# Sleeping arrangements!



## june (Aug 2, 2009)

Hi 
Was wondering how everyone with young pups are coping with night times? Ruby is 11 weeks and will go into her crate but wakes us up twice through the night for the loo. Does anyone know how long it takes before theyre "dry" at night? Shes in a crate in the kitchen at the moment. 

Would be very interested to see how others are getting on!
Thanks June


----------



## grahama (May 4, 2009)

Hi,

we are now doing very well with the crate at night, no crying on going to bed, just a whimper when she needs to pee in the night. Sometimes she even takes herself to bed without us putting her in there  Peanut is 11 weeks on the dot and has about 4 times now gone from 11pm to 6.30am without a wee break, so hopefully it wont be long before she is dry all the time at night. 
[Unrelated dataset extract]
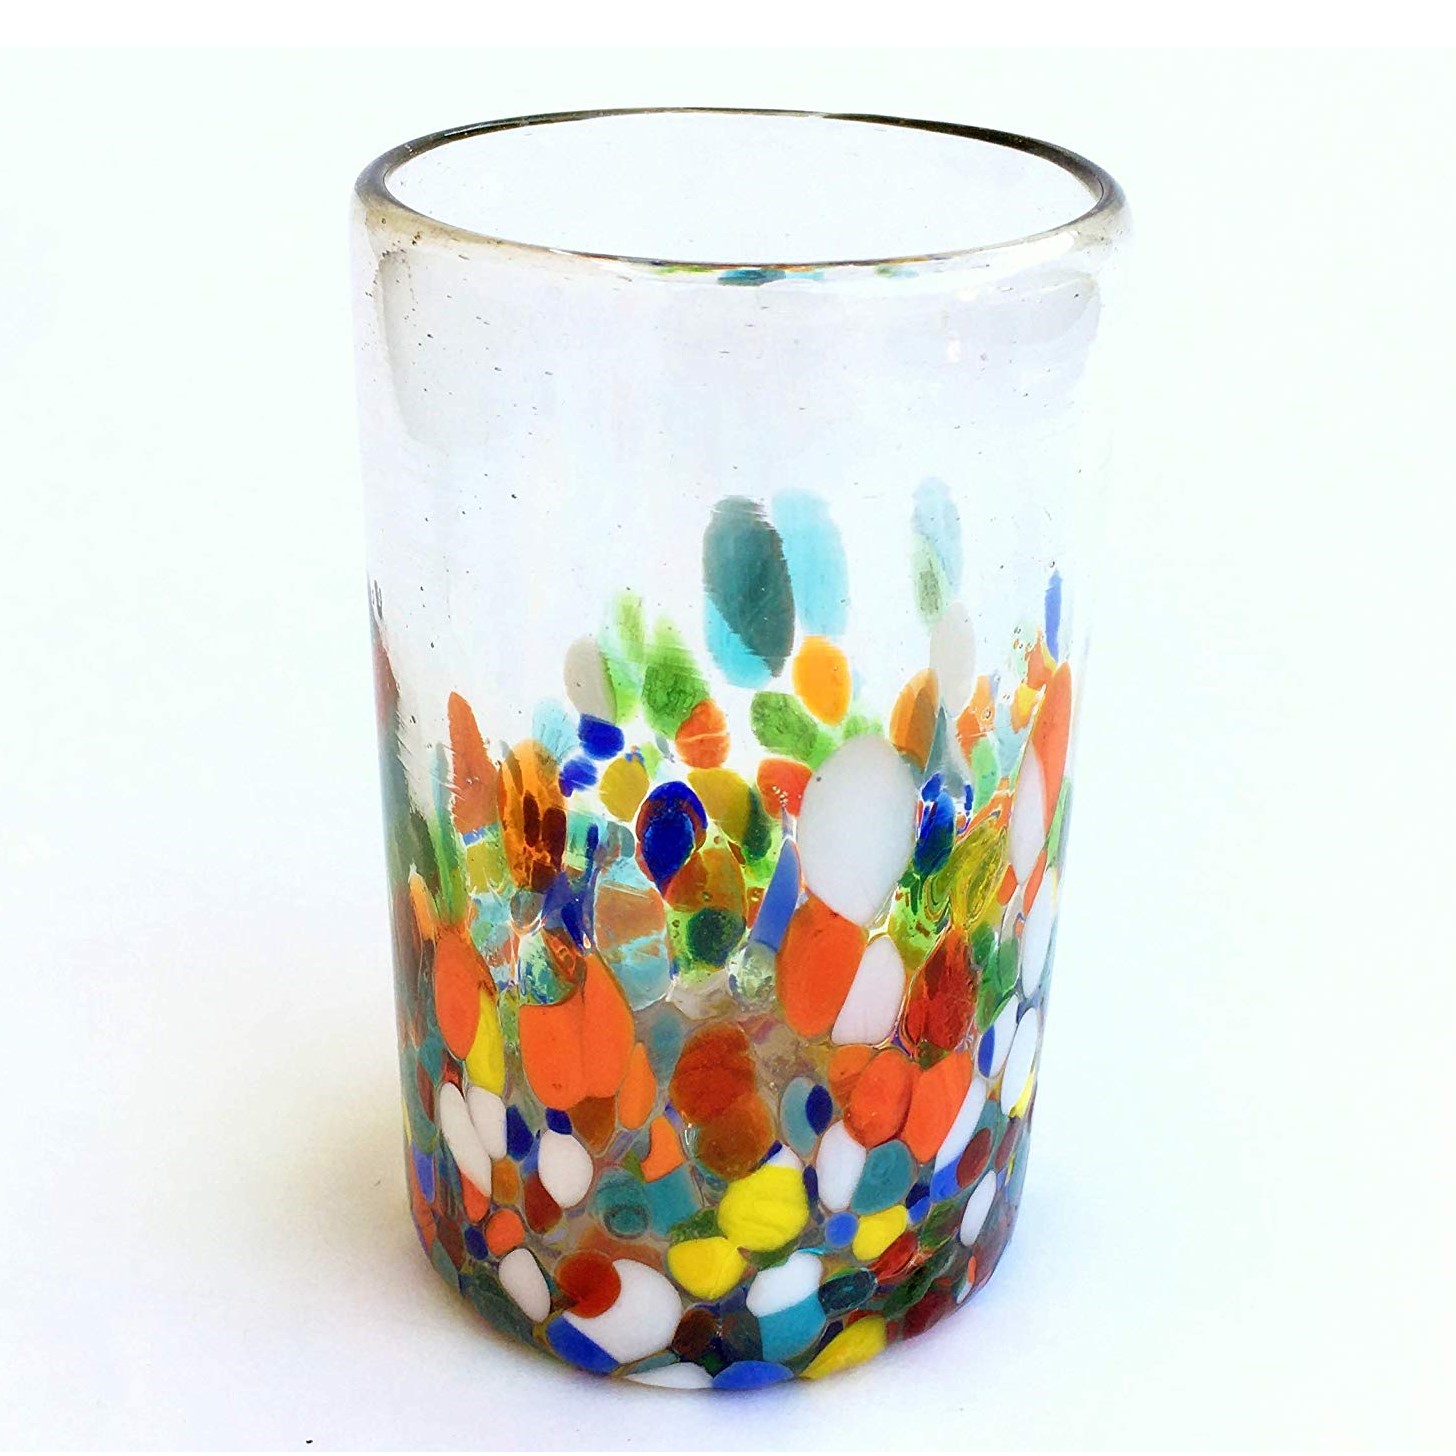 Vasos de Vidrio Soplado al Mayoreo / vasos grandes 'Cristal & Confeti' / Deje entrar a la primavera en su casa con éste colorido juego de vasos. El decorado con vidrio multicolor los hace resaltar en cualquier lugar.

Have you had any nights through yet?? 

She is also starting to sleep in there during the day now and this morning on returning from work I had a bath and put her in the crate for the duration. She cried for 5 mins then settled down which was a first. I do think that each pup will be slightly different but 11/12 weeks seems to be a common settling down age.

Regards,


Graham


----------



## Big Rick (Apr 14, 2009)

We got Dexter at 8 weeks and the first two nights we put him in the crate in a spare bedroom. He wailed the whole night through! In fact he wailed so much on the third day he couldn't even bark because he was too hoarse.

That night we moved the crate into our bedroom next to the bed and he has been sleeping the whole night through ever since. We've been on the road in our RV the last three months and he has been great. When we get back home in a week or so we're going to try letting him sleep on a dog bed next to our bed like our other dog does. He's getting a little big for the crate anyhow.

This may not work for you but it surely saved our sanity!!!


----------



## cynwagon (Sep 2, 2009)

We have our crate in our kitchen ... at first we had it sectioned off, and Weber would definitely whine/cry, but not all night. He did whine at about 1 am every morning to go out, and I'd let him out.

I had to leave to go home and the husband was in charge of him. At that point Weber was right around 10/11 weeks ... he would just ignore him when he whined at 1 am, and guess what ... there was never an accident ... they'll learn, but if you keep waking up with them, they'll continue to do it ... so test it, see what happens.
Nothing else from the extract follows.